This guide explains how ship-go manages SHIP connections from discovery through cleanup. For protocol specifications, see SHIP TS 1.0.1.
ship-go implements a comprehensive connection lifecycle with:
- Two-layer state management (API states + protocol states)
- Intelligent reconnection with exponential backoff
- Double connection prevention using SKI-based logic
- Resource management with configurable limits
- Graceful shutdown with timeout protection
These states are exposed to applications through HubReaderInterface:
const (
ConnectionStateNone = 0 // No connection exists
ConnectionStateQueued = 1 // Connection request queued
ConnectionStateInitiated = 2 // This device initiated connection
ConnectionStateReceivedPairingRequest = 3 // Remote device initiated
ConnectionStateInProgress = 4 // Handshake in progress
ConnectionStateTrusted = 5 // Trust established
ConnectionStatePin = 6 // PIN processing (unused)

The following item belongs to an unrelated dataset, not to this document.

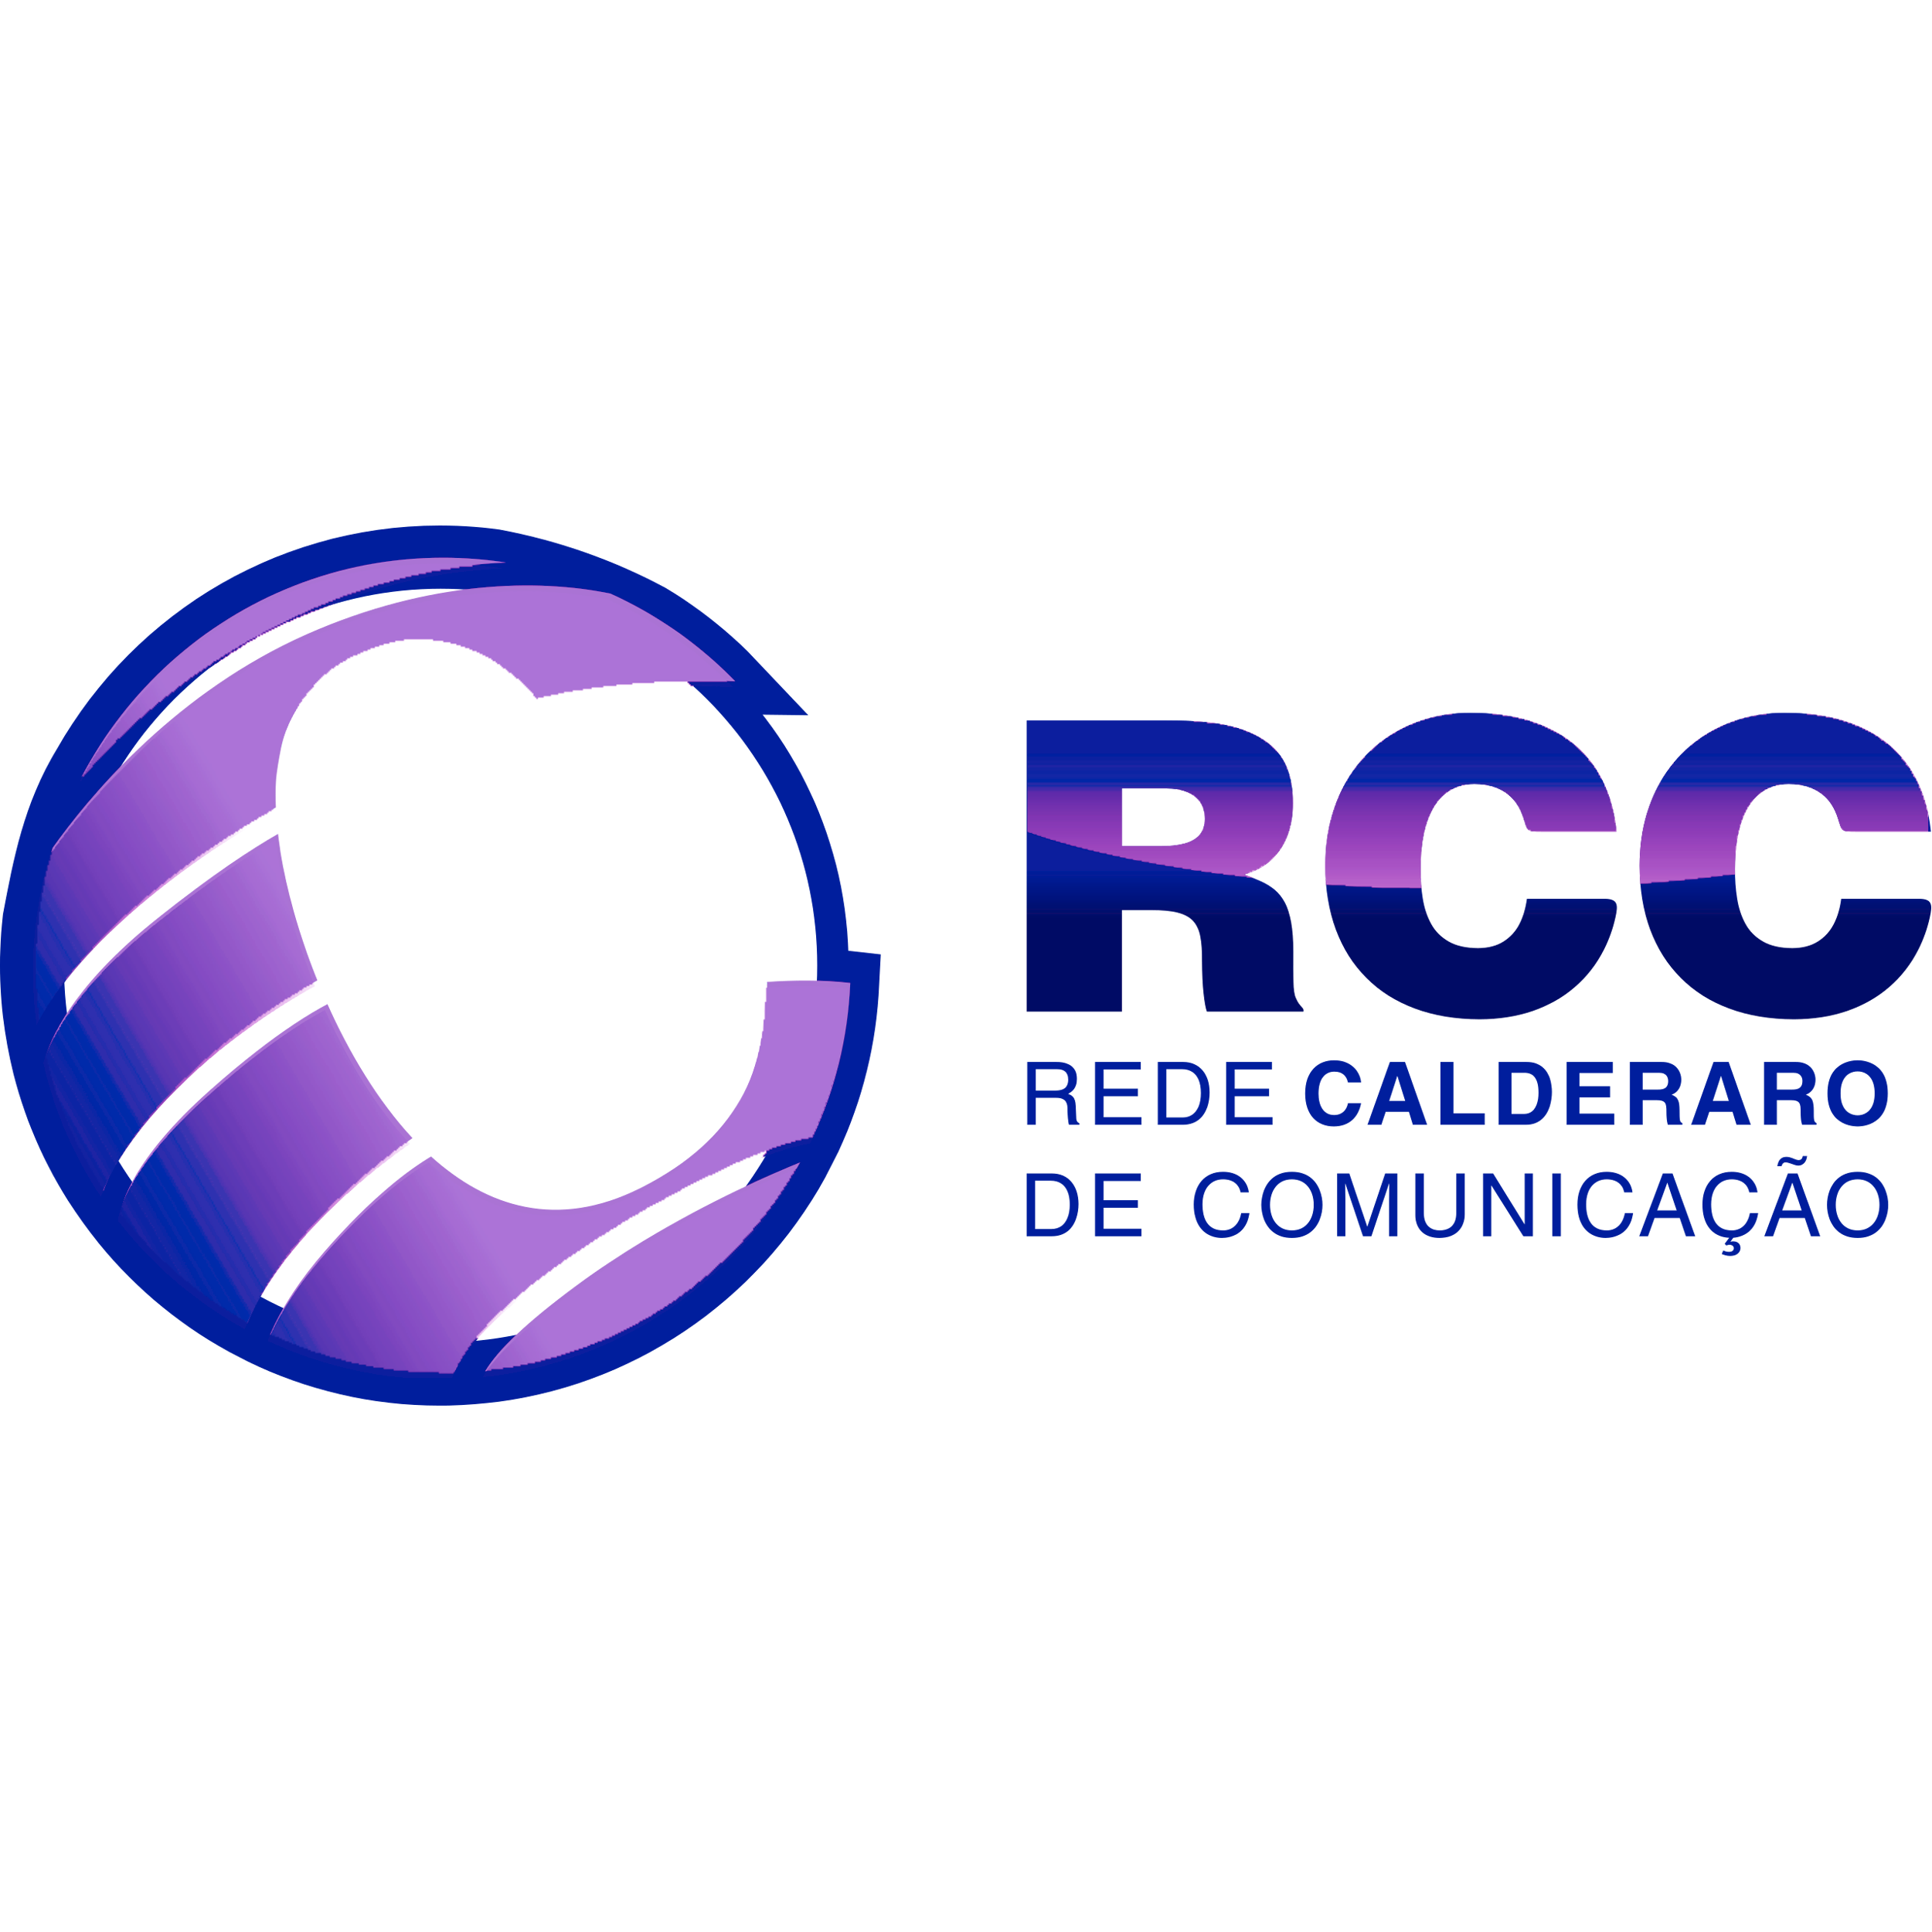 Rede Calderaro De Comunicacao Logo Transparent Gallery

ConnectionStateCompleted = 7 // Ready for data exchange
ConnectionStateRemoteDeniedTrust = 8 // Remote rejected pairing
ConnectionStateError = 9 // Connection failed
)stateDiagram-v2
[*] --> None
None --> Queued : RegisterRemoteService()
Queued --> Initiated : Connection attempt starts
Initiated --> ReceivedPairingRequest : Incoming connection
Initiated --> InProgress : Outgoing connection
ReceivedPairingRequest --> InProgress : User accepts
InProgress --> Trusted : Hello phase complete
Trusted --> Completed : Full handshake done
InProgress --> RemoteDeniedTrust : Remote rejects
InProgress --> Error : Handshake fails
Trusted --> Error : Protocol/Access fails
RemoteDeniedTrust --> None : Cleanup
Error --> Queued : Retry (if paired)
Error --> None : Give up (if unpaired)
Completed --> Error : Connection lost
Error --> Queued : Reconnection attempt
func (reader *MyHubReader) ServiceConnectionStateChanged(ski string, state api.ConnectionState) {
switch state {
case api.ConnectionStateQueued:
log.Info("Connection queued - waiting for slot")
case api.ConnectionStateInitiated:
log.Info("Connection initiated - starting handshake")
case api.ConnectionStateInProgress:
log.Info("Handshake in progress - negotiating trust")
case api.ConnectionStateCompleted:
log.Info("Connection ready - can exchange data")
reader.spine.StartDeviceCommunication(ski)
case api.ConnectionStateError:
log.Warning("Connection failed - will retry if paired")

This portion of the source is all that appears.